Джон Уиндем - Паутина [ Авт. сборник]
— Дядя Аксель говорит, что у Древних были машины во сто раз лучше, чем эта, — сказал я.
— А мой папа говорит, что если бы четверть того, что рассказывают про Древних, было правдой, они были бы не людьми, а волшебниками, — возразила Софи.
— Что же, твой отец, — спросил я, — не верит, что Древние могли летать по воздуху, как птицы?
— Нет, — покачала она головой, — это просто глупо. Ведь если они могли летать, то и мы научились бы.
— Но… но ведь мы теперь уже многое умеем, — попытался возразить я.
— Только не летать, — она опять упрямо покачала головой, — это все сказки.
Я уже хотел было рассказать ей про свои сны, в которых я видел Город и блестящие летающие предметы в небе, но подумал, что сон не доказательство, и промолчал. Мы еще немножко посидели на поленнице, потом спустились вниз и пошли к ее дому.
Джон Уэндер, ее отец, был дома. Звуки молотка доносились из сарая, где он что-то мастерил. Софи подбежала к нему и повисла у него на шее.
— Привет, цыпленок! — ласково сказал он. Потом повернулся ко мне и хмуро кивнул головой. Он всегда так здоровался со мной, еще с самого первого раза — хмурый кивок и все, но я чувствовал, что он относится ко мне уже получше. В тот самый первый раз он смотрел на меня так, что я и вздохнуть боялся. Теперь я уже не чувствовал страха — мы стали почти друзьями.

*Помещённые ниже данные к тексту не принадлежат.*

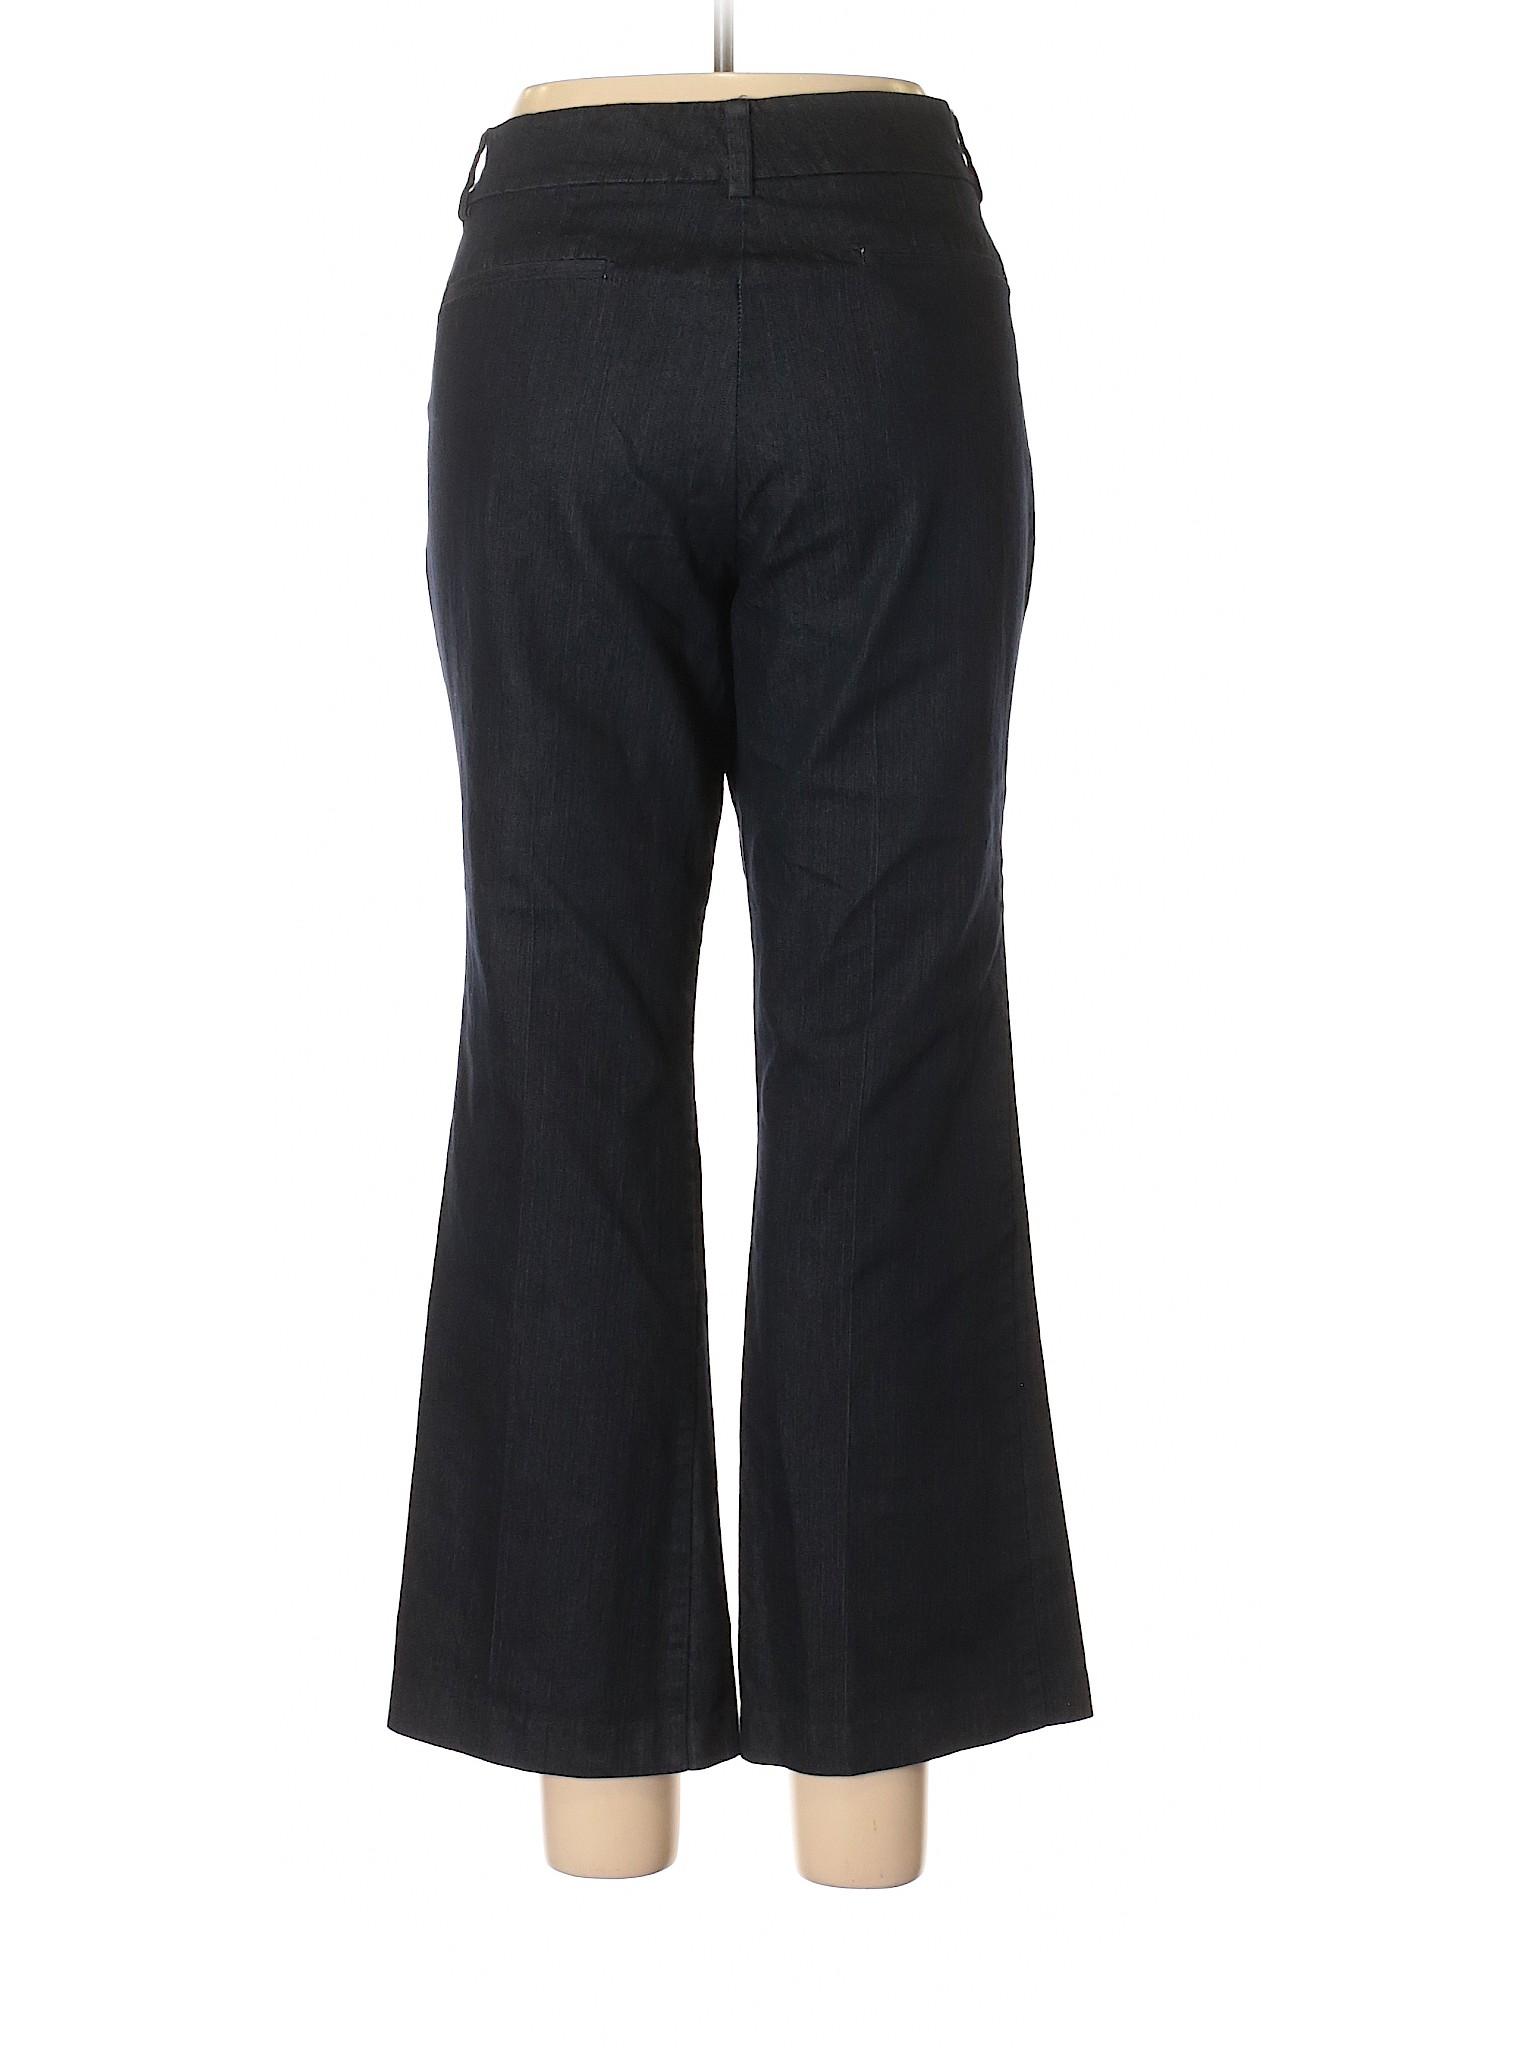 Pants Company winter New amp; Casual York Leisure TY8Ixqq

Он подолгу разговаривал со мной, иногда рассказывал об очень интересных вещах, и все же я часто ловил на себе его взгляд, внимательный, изучающий…
Только несколько лет спустя я понял, что для него значило — прийти домой и узнать, что ножку его Софи увидел не кто-нибудь, а Дэвид Строрм, сын Джозефа Строрма. Думаю, не раз ему приходило в голову, что мертвый мальчишка никогда не нарушит своего обещания молчать, даже если захочет… Может быть, я обязан жизнью его жене, миссис Уэндер? Может быть…
И еще я думаю, он раз и навсегда поверил бы мне и выкинул все сомнения из головы, доведись ему увидеть то, что произошло в нашем доме спустя месяц после того дня, как я познакомился с Софи.
Я тогда слегка поранил руку, вытаскивая занозу, и ранка кровоточила. Я зашел на кухню и, видя, что все домашние заняты, попытался сам перевязать себе ранку чистой тряпкой. Тут меня увидела мать. Она сразу запричитала, заохала, велела тщательно промыть ранку и сама стала перевязывать мне руку, бормоча, что я, как всегда, заставляю ее заниматься моей персоной в самый неподходящий момент. Оправдываясь, я случайно брякнул:
— Я и сам бы мог это сделать, будь у меня еще одна рука.
После этих, как мне казалось, ничего не значащих слов в кухне воцарилось гробовое молчание. Мать замерла, как статуя. В недоумении я оглядел всех, кто был в это время на кухне: Мэри с куском пирога в руке, двух работников, ждущих своей порции еды, отца, сидевшего во главе стола. Все молча уставились на меня. Постепенно с лица отца сошло изумление, губы сжались в жесткую прямую линию, челюсть выдвинулась вперед, брови сошлись на переносице.
— Что ты сказал? — медленно выговорил он.
Я хорошо знал этот тон, и мне стало страшно. Еще страшнее было то, что я совершенно не понимал, чем мог так рассердить его.
— Я… я с-с-сказал, что и с-сам бы мог… — выдавил я с трудом, заикаясь от страха.
Глаза отца сузились, и в них мелькнуло что-то, заставившее меня содрогнуться. Моя спина стала липкой от пота.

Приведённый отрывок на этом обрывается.